Question

A baseball diamond is a square with 90 foot sides. How far must the third baseman throw the ball to make it to the first base?

Answer 1

Hint: Now we are given with a square ground of 90 foot side. Now we know that the third baseman is diagonally opposite to first base. Hence we have the distance between third baseman and first base as the diagonal of the square. Now we will find the length of the diagonal by using Pythagora's theorem in right angle triangle ABC.

Complete step-by-step answer:
Now let us say the first base is point A. Now let us draw a square ABCD. Now we know that the third baseman is at point C.

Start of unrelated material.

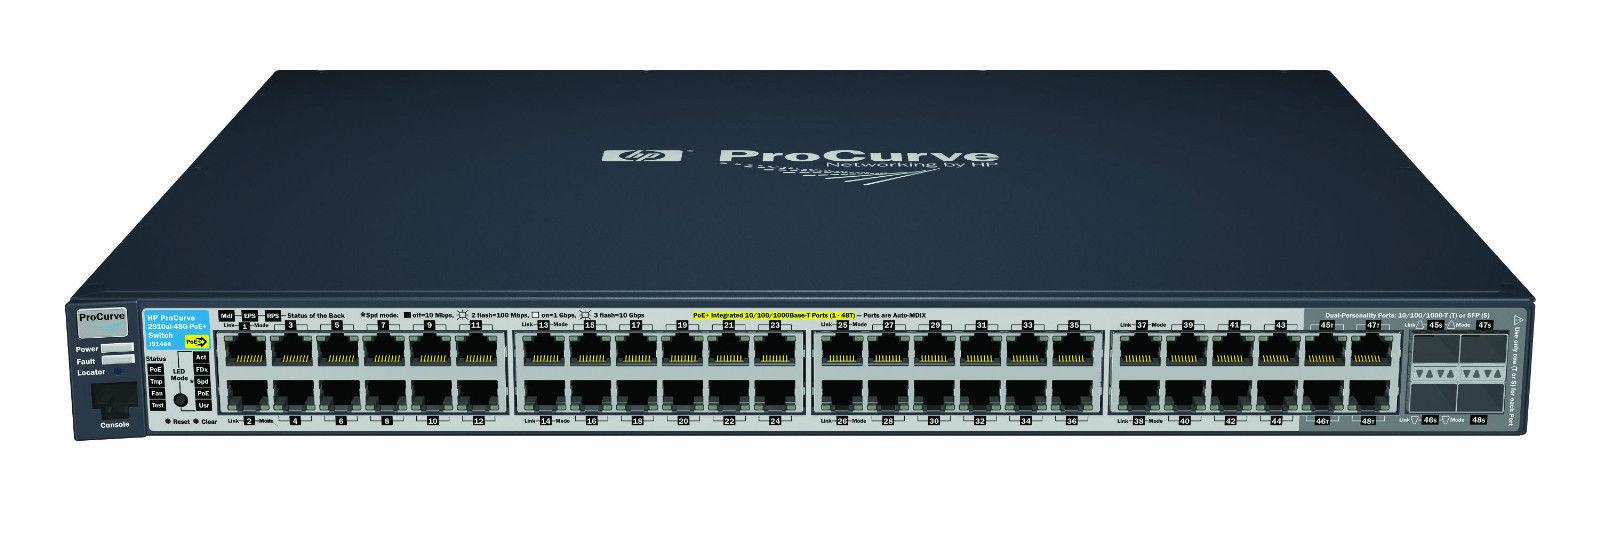 HPE J9148A 48-Port Switch

Now to make it to the first base the third baseman will throw the ball along AC.
Hence we want to find the distance if AC.
Now we know that ABCD is a square. Hence we have angle B is ${{90}^{\circ }}$
Now this means that triangle ABC is a right angle triangle.
Hence we can apply the Pythagoras theorem.
Now by Pythagoras theorem we have, $A{{C}^{2}}=A{{B}^{2}}+B{{C}^{2}}$ .
Now since the sides of square are equal we have AB = BC.
Hence we get,
$\begin{align}
  & \Rightarrow A{{C}^{2}}=A{{B}^{2}}+A{{B}^{2}} \\
 & \Rightarrow A{{C}^{2}}=2A{{B}^{2}} \\
\end{align}$
Now substituting the value of side of square we get,
$\Rightarrow A{{C}^{2}}=2{{\left( 90 \right)}^{2}}$
Now taking square root in the above equation we get,
$\Rightarrow AC=90\sqrt{2}$
Hence the length of the diagonal is $90\sqrt{2}$ .
Hence the third baseman must throw the ball $90\sqrt{2}$ foot to reach the first baseman.

Note: Now note that we can directly solve the problem without using Pythagoras theorem. We know that for any square of length a the length of the diagonal is $\sqrt{2}a$ . Hence using this we can find the length of diagonal.